My sister was like, “WTF?”

And I’d reply with, “I KNOW, RIGHT?!?

Of course from here, it’s only a hop, skip, 2 traffic lights and an imaginary stop sign in Kathrynville to figure out how all of this has come to be…how this ordinary traffic light came to be so vengefully hateful of the likes of me:


I figure long, long ago, these lights were living the life of any ordinary set of sibling-lights.
Big brother Bobby traffic light had the usual responsibility of taking care of his younger traffic light sister, Sissy. (That’s a red tootsie pop in her right hand, in case you couldn’t tell.) Bobby hated having to listen to Sissy go on and on about stupid things like the pretty, shiny cars that whizzed by…and he really hated when she threatened to tattle to Mom if he ever actually threw that baseball at one of those stupid, whizzing cars.

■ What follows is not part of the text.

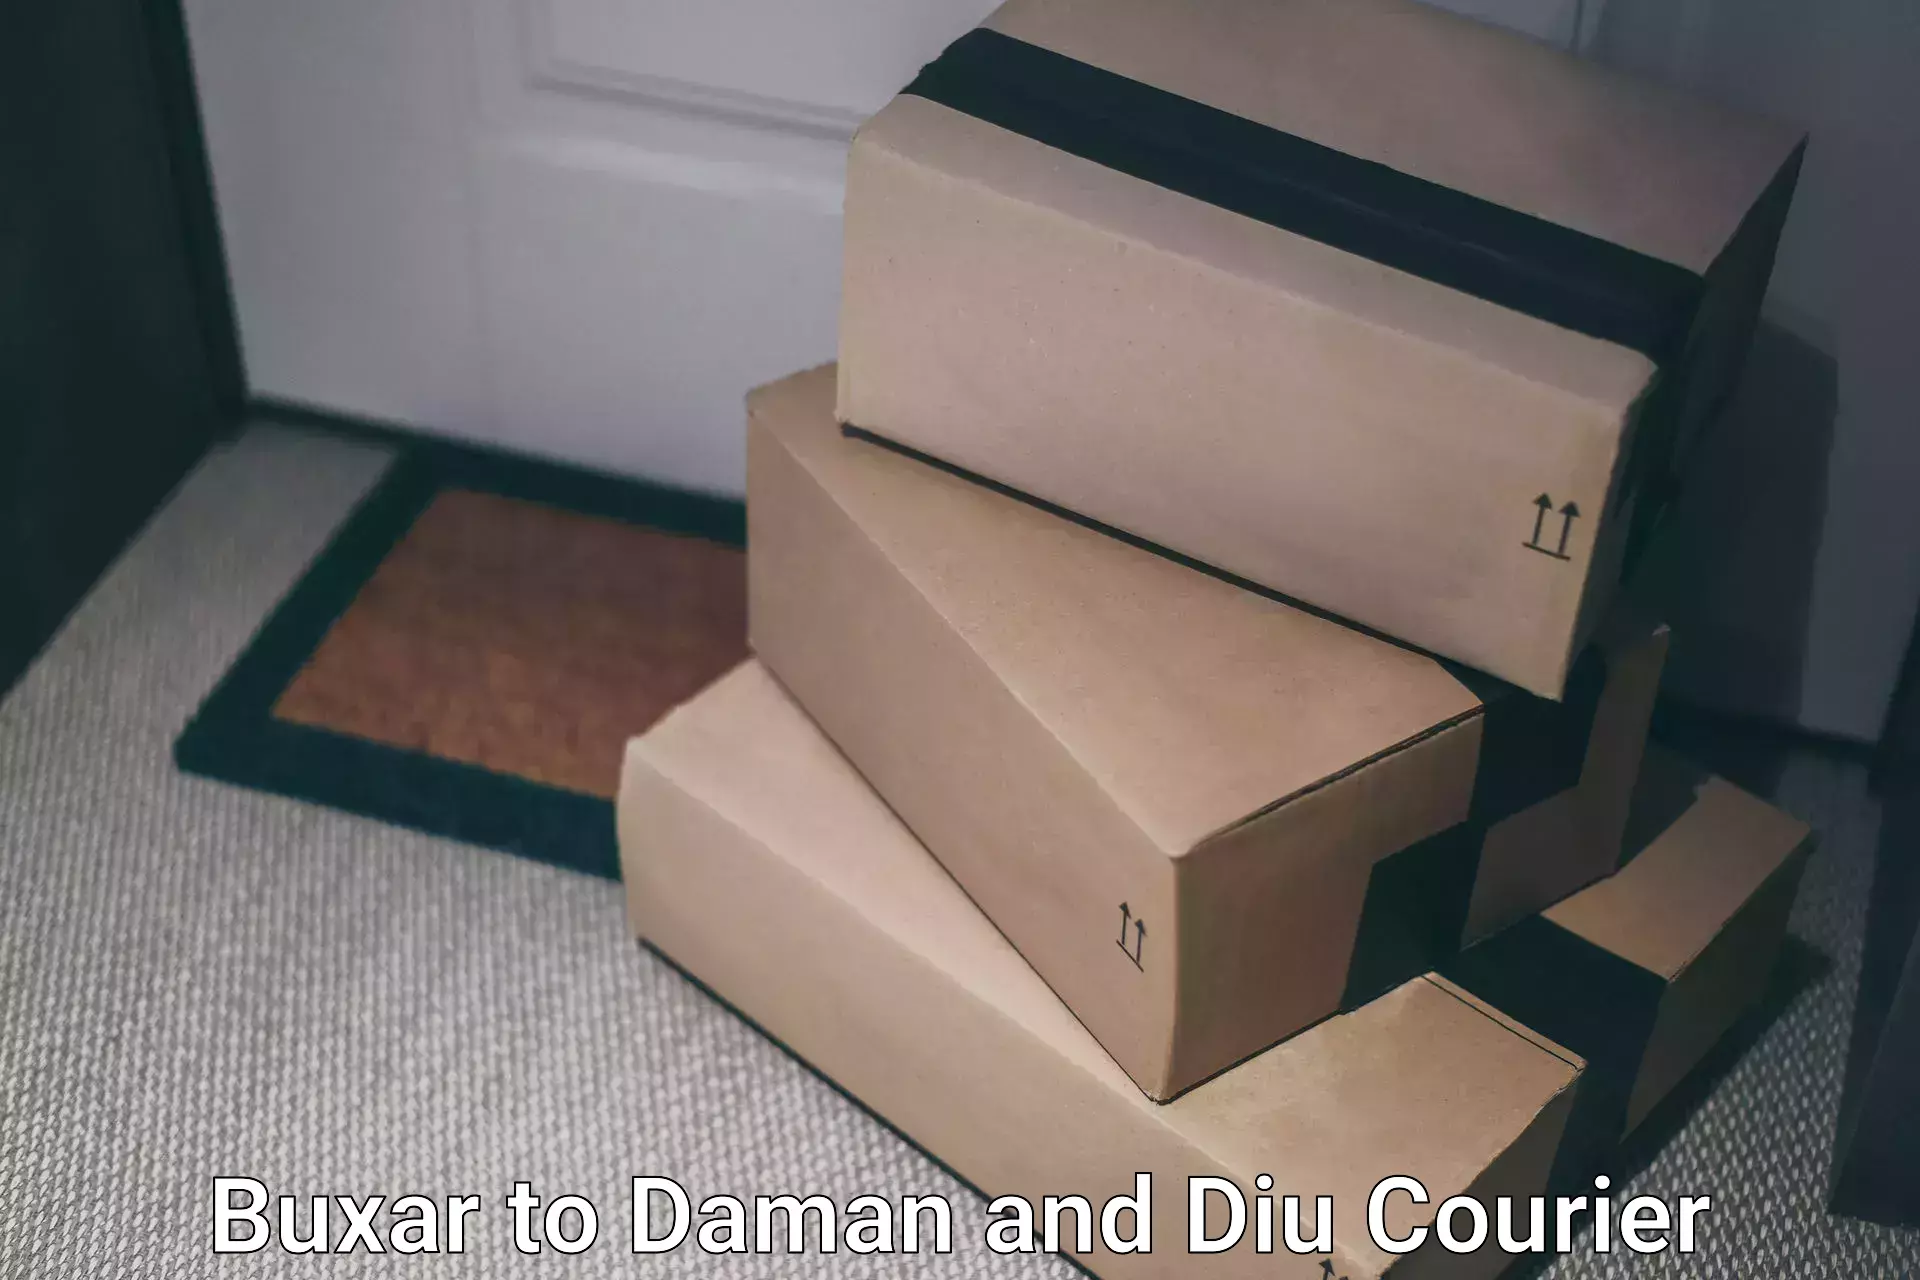 Cargo courier service Buxar to Daman

Things only got worse in the winter. Bobby’s and Sissy’s mom always made them wear puffy down coats and stupid knit caps with embroidered snowflakes on ‘em and the other traffic lights always made fun of them…calling them names like “Puffy Snowflake Lights”, or “Momma’s Puffy Snowflake Lights”…(’cause everyone knows that although traffic lights are mean, they’re not exactly adept at name-calling). One day, someone threw some snowballs from the sunroof of their car and one of ‘em hit Sissy square in the yellow flower she’d been holding since 1973 and she whined and whined for weeks! This made Bobby really mad…and I don’t mean angry...if you get my drift.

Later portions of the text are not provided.